• _Work to complete_
Lines to return, exactly: from the line with "buetyfull flower(maschithsuriya photography)" to the line with "10pcs Set Carbon" in the entries below, both included.

• _Input data_
#####

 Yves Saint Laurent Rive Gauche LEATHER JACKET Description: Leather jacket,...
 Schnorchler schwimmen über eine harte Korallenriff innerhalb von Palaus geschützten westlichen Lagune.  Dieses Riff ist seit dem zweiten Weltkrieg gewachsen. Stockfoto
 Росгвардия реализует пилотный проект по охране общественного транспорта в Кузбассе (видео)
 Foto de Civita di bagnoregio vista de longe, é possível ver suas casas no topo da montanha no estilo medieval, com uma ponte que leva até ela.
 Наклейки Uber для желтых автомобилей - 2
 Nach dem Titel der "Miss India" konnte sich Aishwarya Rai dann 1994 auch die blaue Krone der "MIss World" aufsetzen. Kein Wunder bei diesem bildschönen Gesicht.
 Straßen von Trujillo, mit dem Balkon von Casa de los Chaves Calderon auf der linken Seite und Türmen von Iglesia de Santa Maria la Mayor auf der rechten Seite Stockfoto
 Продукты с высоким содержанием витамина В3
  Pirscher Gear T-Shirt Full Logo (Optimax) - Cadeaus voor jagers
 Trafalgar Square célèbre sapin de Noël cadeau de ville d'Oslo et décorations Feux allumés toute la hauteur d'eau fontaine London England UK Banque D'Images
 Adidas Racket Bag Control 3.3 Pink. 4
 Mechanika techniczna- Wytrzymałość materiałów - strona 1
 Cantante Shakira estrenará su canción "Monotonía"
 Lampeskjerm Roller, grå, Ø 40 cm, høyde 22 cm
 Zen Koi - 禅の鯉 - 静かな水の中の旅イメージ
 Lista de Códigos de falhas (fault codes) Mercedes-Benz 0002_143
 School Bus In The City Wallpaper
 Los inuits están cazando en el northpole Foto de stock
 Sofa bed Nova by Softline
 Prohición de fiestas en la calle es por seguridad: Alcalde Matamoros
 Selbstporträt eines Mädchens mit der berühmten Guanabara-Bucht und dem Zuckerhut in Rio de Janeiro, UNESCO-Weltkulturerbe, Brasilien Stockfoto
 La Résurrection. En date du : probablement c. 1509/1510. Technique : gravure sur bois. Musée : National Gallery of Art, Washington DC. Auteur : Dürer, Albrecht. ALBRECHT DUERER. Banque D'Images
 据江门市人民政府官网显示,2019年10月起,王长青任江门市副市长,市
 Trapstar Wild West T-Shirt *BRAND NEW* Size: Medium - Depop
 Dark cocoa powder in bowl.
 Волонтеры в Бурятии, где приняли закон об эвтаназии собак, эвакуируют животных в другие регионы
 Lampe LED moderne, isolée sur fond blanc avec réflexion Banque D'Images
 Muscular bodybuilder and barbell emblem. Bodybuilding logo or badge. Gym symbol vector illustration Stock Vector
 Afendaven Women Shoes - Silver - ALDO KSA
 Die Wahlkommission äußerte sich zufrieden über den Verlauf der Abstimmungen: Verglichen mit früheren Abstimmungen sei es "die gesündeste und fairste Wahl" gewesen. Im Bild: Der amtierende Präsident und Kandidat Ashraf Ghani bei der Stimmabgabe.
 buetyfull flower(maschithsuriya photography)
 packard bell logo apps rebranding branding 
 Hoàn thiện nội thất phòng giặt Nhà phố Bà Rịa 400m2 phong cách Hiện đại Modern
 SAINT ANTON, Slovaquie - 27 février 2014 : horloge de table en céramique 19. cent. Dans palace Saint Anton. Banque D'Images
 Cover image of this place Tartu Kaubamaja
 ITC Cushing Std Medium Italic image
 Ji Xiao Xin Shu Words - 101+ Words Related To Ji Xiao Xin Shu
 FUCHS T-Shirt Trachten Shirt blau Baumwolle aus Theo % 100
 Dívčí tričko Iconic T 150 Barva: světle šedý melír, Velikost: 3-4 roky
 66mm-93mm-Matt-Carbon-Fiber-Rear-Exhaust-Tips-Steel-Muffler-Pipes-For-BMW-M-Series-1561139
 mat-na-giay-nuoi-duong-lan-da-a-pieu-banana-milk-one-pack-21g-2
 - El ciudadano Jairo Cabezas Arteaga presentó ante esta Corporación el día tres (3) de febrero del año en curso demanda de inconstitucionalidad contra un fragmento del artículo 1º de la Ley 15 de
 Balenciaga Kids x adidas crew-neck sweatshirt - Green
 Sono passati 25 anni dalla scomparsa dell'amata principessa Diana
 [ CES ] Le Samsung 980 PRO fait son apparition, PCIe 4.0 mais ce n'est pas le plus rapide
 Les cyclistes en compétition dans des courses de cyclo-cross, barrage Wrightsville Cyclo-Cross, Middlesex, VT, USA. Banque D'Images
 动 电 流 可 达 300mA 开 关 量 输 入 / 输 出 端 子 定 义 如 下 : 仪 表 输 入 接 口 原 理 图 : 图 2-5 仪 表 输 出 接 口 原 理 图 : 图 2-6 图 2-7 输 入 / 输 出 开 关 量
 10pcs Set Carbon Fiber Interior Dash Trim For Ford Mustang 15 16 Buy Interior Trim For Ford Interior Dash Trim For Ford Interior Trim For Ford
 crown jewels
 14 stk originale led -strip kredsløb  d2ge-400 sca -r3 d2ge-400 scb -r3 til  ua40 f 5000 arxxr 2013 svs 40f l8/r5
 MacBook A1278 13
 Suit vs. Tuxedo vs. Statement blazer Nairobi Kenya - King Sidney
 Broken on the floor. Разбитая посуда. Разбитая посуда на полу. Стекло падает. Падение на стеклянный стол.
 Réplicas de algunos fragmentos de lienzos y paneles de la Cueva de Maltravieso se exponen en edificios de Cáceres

#####

• _Answer to the exercise_
 buetyfull flower(maschithsuriya photography)
 packard bell logo apps rebranding branding 
 Hoàn thiện nội thất phòng giặt Nhà phố Bà Rịa 400m2 phong cách Hiện đại Modern
 SAINT ANTON, Slovaquie - 27 février 2014 : horloge de table en céramique 19. cent. Dans palace Saint Anton. Banque D'Images
 Cover image of this place Tartu Kaubamaja
 ITC Cushing Std Medium Italic image
 Ji Xiao Xin Shu Words - 101+ Words Related To Ji Xiao Xin Shu
 FUCHS T-Shirt Trachten Shirt blau Baumwolle aus Theo % 100
 Dívčí tričko Iconic T 150 Barva: světle šedý melír, Velikost: 3-4 roky
 66mm-93mm-Matt-Carbon-Fiber-Rear-Exhaust-Tips-Steel-Muffler-Pipes-For-BMW-M-Series-1561139
 mat-na-giay-nuoi-duong-lan-da-a-pieu-banana-milk-one-pack-21g-2
 - El ciudadano Jairo Cabezas Arteaga presentó ante esta Corporación el día tres (3) de febrero del año en curso demanda de inconstitucionalidad contra un fragmento del artículo 1º de la Ley 15 de
 Balenciaga Kids x adidas crew-neck sweatshirt - Green
 Sono passati 25 anni dalla scomparsa dell'amata principessa Diana
 [ CES ] Le Samsung 980 PRO fait son apparition, PCIe 4.0 mais ce n'est pas le plus rapide
 Les cyclistes en compétition dans des courses de cyclo-cross, barrage Wrightsville Cyclo-Cross, Middlesex, VT, USA. Banque D'Images
 动 电 流 可 达 300mA 开 关 量 输 入 / 输 出 端 子 定 义 如 下 : 仪 表 输 入 接 口 原 理 图 : 图 2-5 仪 表 输 出 接 口 原 理 图 : 图 2-6 图 2-7 输 入 / 输 出 开 关 量
 10pcs Set Carbon Fiber Interior Dash Trim For Ford Mustang 15 16 Buy Interior Trim For Ford Interior Dash Trim For Ford Interior Trim For Ford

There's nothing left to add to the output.